A medical worker injects a syringe from a phase 3 vaccine trial of a volunteer at Ankara University Hospital Ibni Sina in Ankara, Turkey, on October 27, 2020. This vaccine candidate was developed against the new coronavirus pandemic (COVID-19) by US-based Pfizer. and the German company BioNTech.

Dugkan Keskinkilic | Anadolu Agency Getty Images

The entire US population can be vaccinated against Covid-1

9 by June and may have enough doses to immunize the remaining 8 billion people worldwide by early to mid-2022, the Trump administration chief said Tuesday.
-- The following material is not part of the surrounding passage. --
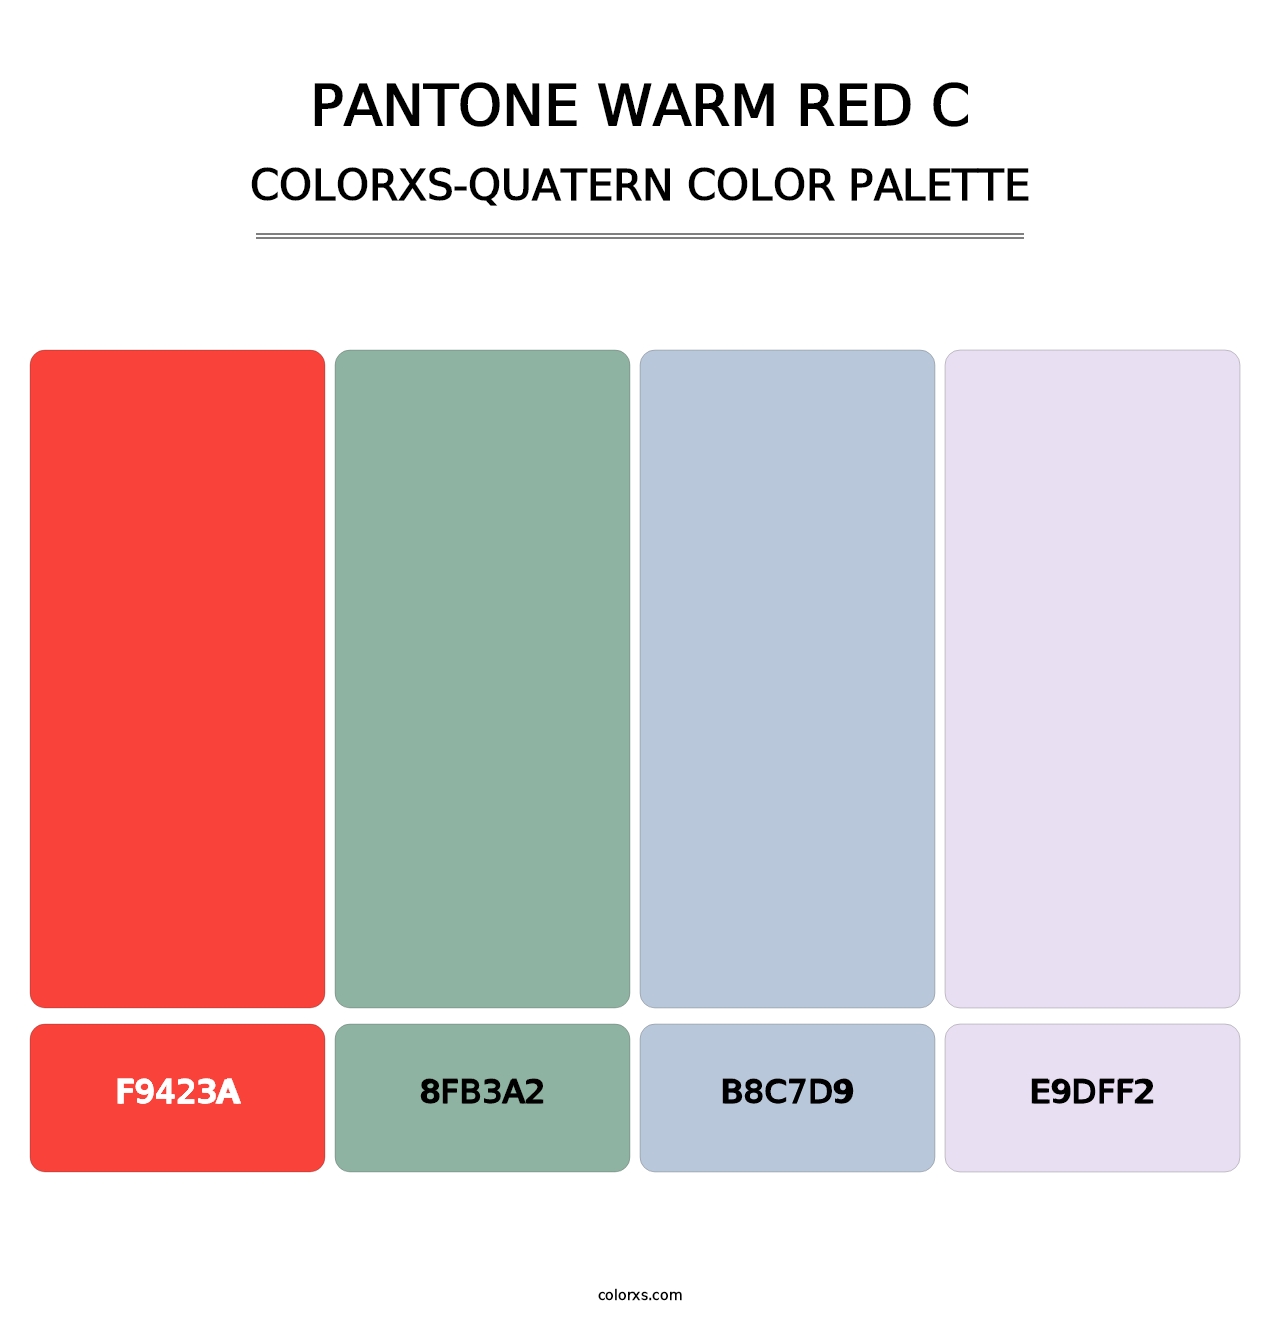 PANTONE Warm Red C - Colorxs Quatern Palette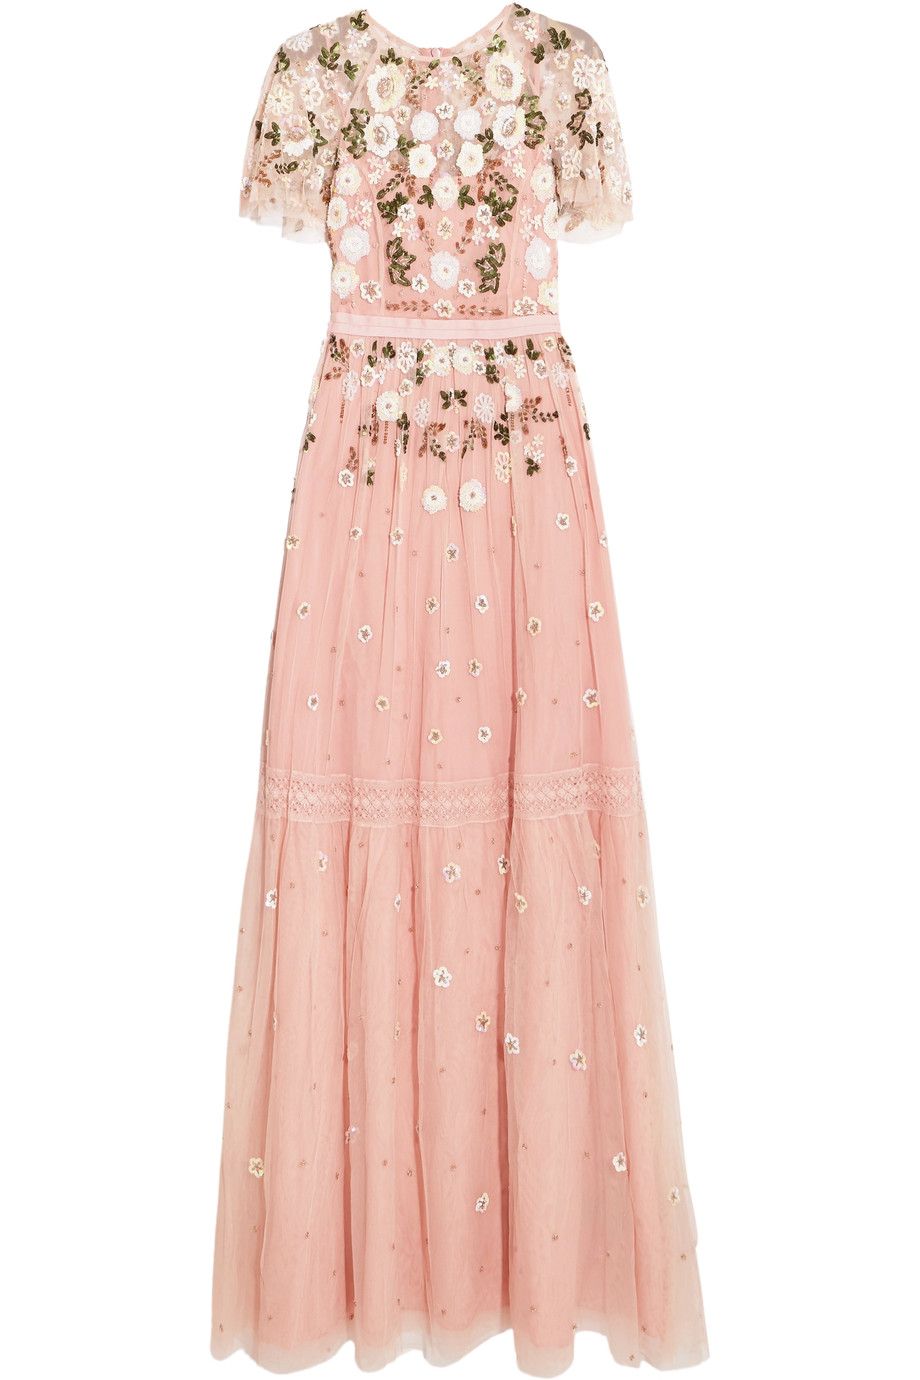 Abiti lunghi eleganti da cerimonia di sera come il vestito rosa con decori di  Needle & Thread

“Hopefully by the middle of the year, I hope most Americans will be immunized, which means that the level of hesitation that currently exists will be reduced because people will learn more … about the vaccine,” Moncef Slavey said. , chief scientific adviser on White House operation Warp Speed, told The Washington Post in a live interview.

If immunized enough, he said the United States “should have this pandemic under control in the second half of 2021.”

Two companies – Pfizer and Moderna – have now applied for an emergency permit from the US Food and Drug Administration for their coronavirus vaccines, which could be given the green light in just a few weeks. Slavey said there would be approximately 40 million doses available by the end of the year, which would be enough for 20 million people, as both vaccines require two shots per person.

He said a “large number” of doses were being produced, but that this was “a small number compared to the US population and the need we have”, adding that people should continue to follow public health guidelines, such as wearing face and maintaining physical distance from others in the meantime.

Initial doses are likely to be set aside for first-line healthcare workers, followed by vulnerable Americans, such as the elderly or those with major illnesses, who put them at higher risk of serious illness. A panel of the Centers for Disease Control and Prevention, called the Advisory Committee on Immunization Practices, will vote on Tuesday on who should be the priority for vaccinations.

“Although we are all very excited to release these vaccines, it will take some time before the entire population is immunized,” Slavey said.

Operation Warp Speed ​​is working with six pharmaceutical companies to develop, manufacture and distribute their Covid-19 vaccines. In addition to Pfizer and Moderna, the federal government has supply agreements with AstraZeneca, Johnson & Johnson and Novavax for the first doses of their vaccines after authorization.

Slavey said Moderna and Pfizer are likely to deliver between 60 million and 70 million doses by January, which would be enough for at least 30 million people as each takes two rounds of doses, he said. After January, other vaccines could be added to the mixture if approved by the FDA, adding an additional 30 million and 50 million doses from other companies, he said.

“Very soon we will start taking more than 150 million doses a month in March, April, May,” Slavey said.

However, many more doses of vaccine will be needed to inoculate nearly 8 billion people worldwide and achieve so-called herd immunity.

Each of the six companies in the operation’s portfolio has the capacity to produce between 500 million and 1 billion doses by the end of 2021, which could deliver up to 6 billion doses of vaccine next year.

However, there are other vaccines under development that could help supply, he said. As of November 12, 48 vaccines have been in clinical trials and more than 200 are under development worldwide, according to the World Health Organization.

“I think it’s reassuring because between this and the other vaccines that are being developed, I would hope that by early 2022 or mid-2022, most of the world has been immunized,” Slavey said.

– CNBC Berkeley Lovelace Jr.. contributed to this report.